Exactly as written, return every line of the data below apart from the pictures.

(DATA SECTION)

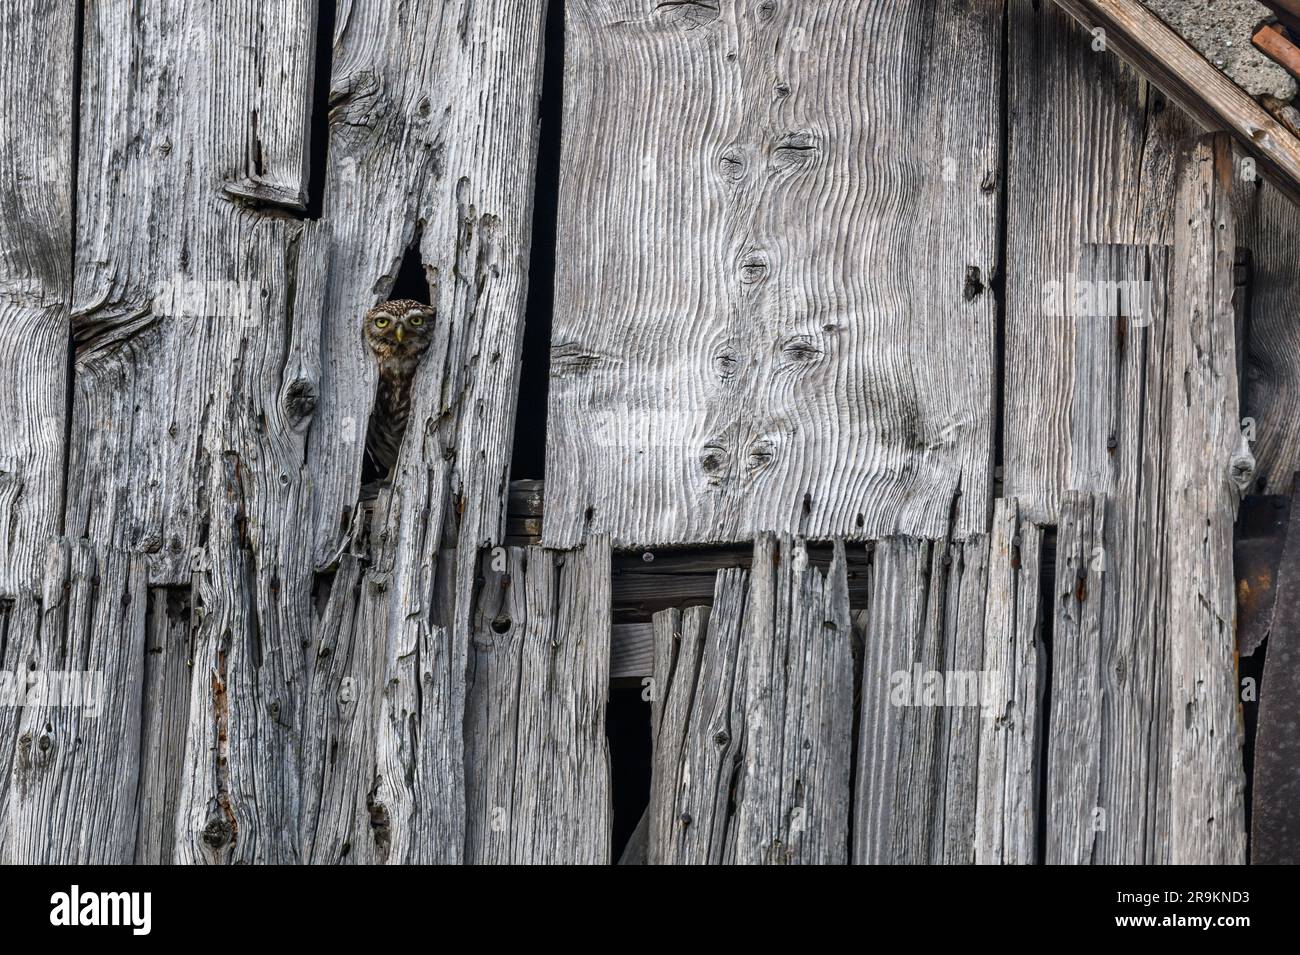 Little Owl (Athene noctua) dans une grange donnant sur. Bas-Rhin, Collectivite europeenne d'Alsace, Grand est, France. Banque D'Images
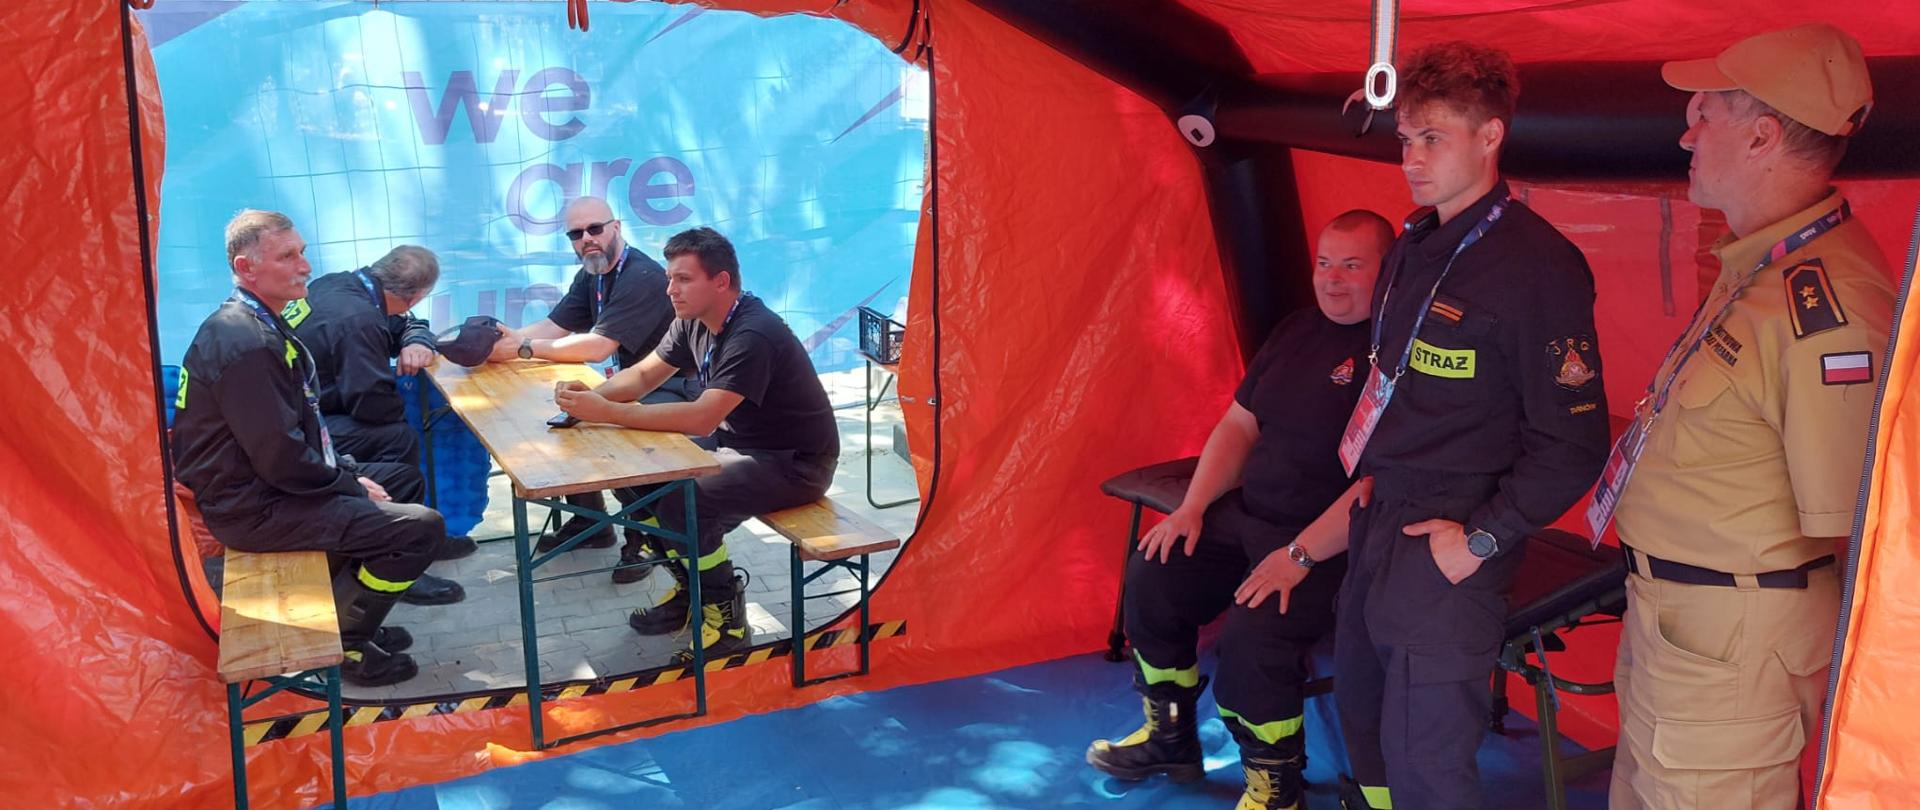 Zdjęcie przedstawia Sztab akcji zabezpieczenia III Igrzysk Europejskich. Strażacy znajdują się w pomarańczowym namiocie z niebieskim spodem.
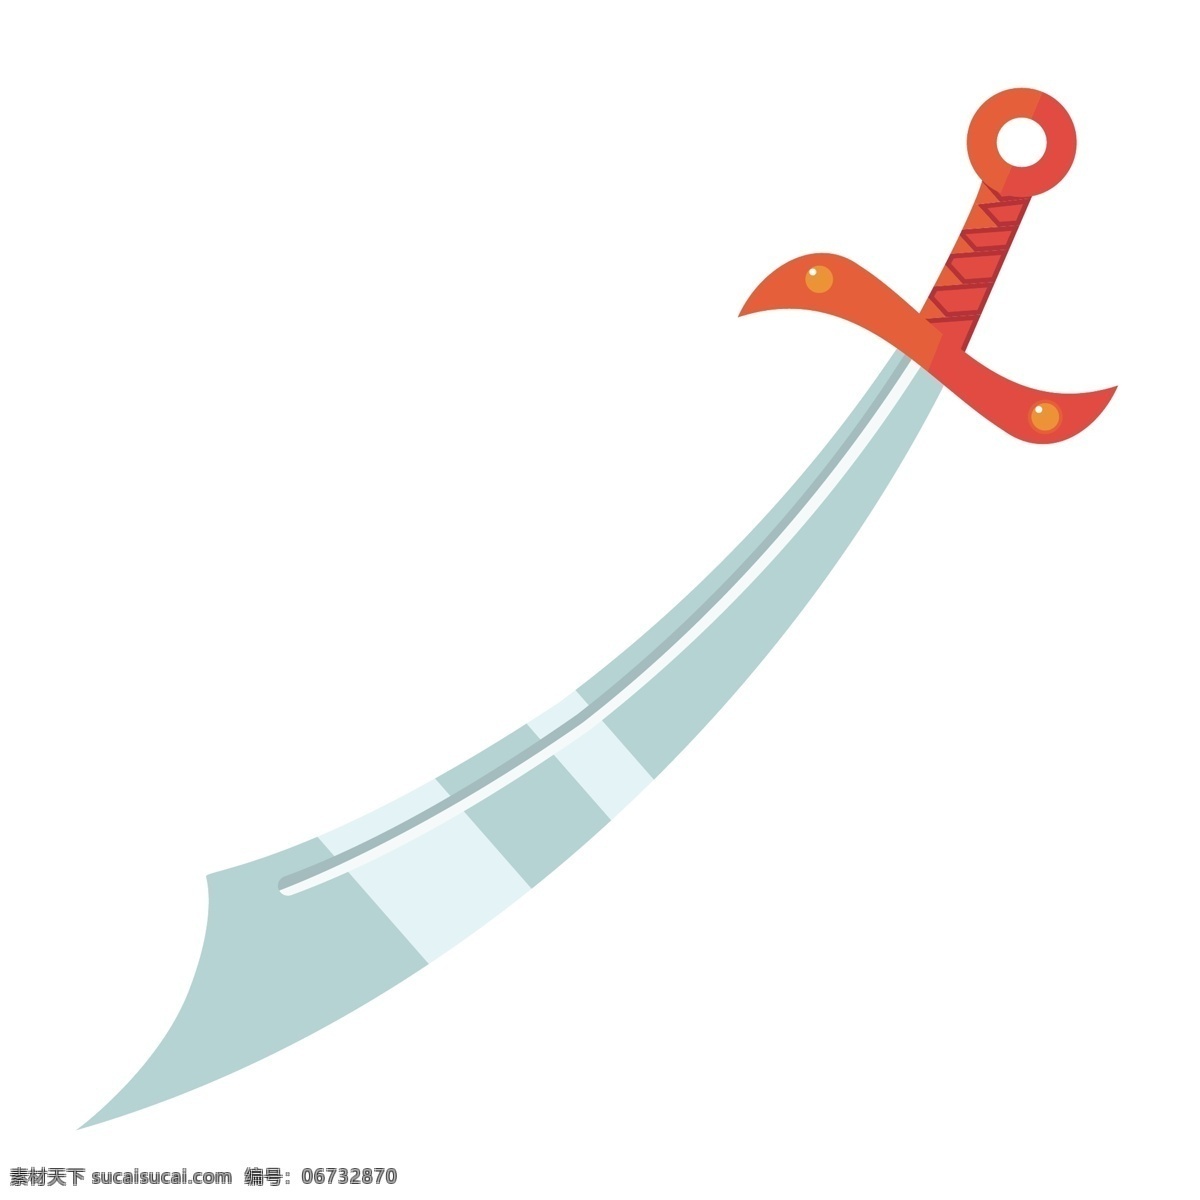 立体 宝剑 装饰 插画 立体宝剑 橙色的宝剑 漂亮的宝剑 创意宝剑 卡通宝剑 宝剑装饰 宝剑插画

(End DATA SECTION)

## RESULT
 Little Owl (Athene noctua) dans une grange donnant sur. Bas-Rhin, Collectivite europeenne d'Alsace, Grand est, France. Banque D'Images
 Zdjęcie przedstawia Sztab akcji zabezpieczenia III Igrzysk Europejskich. Strażacy znajdują się w pomarańczowym namiocie z niebieskim spodem.
 立体 宝剑 装饰 插画 立体宝剑 橙色的宝剑 漂亮的宝剑 创意宝剑 卡通宝剑 宝剑装饰 宝剑插画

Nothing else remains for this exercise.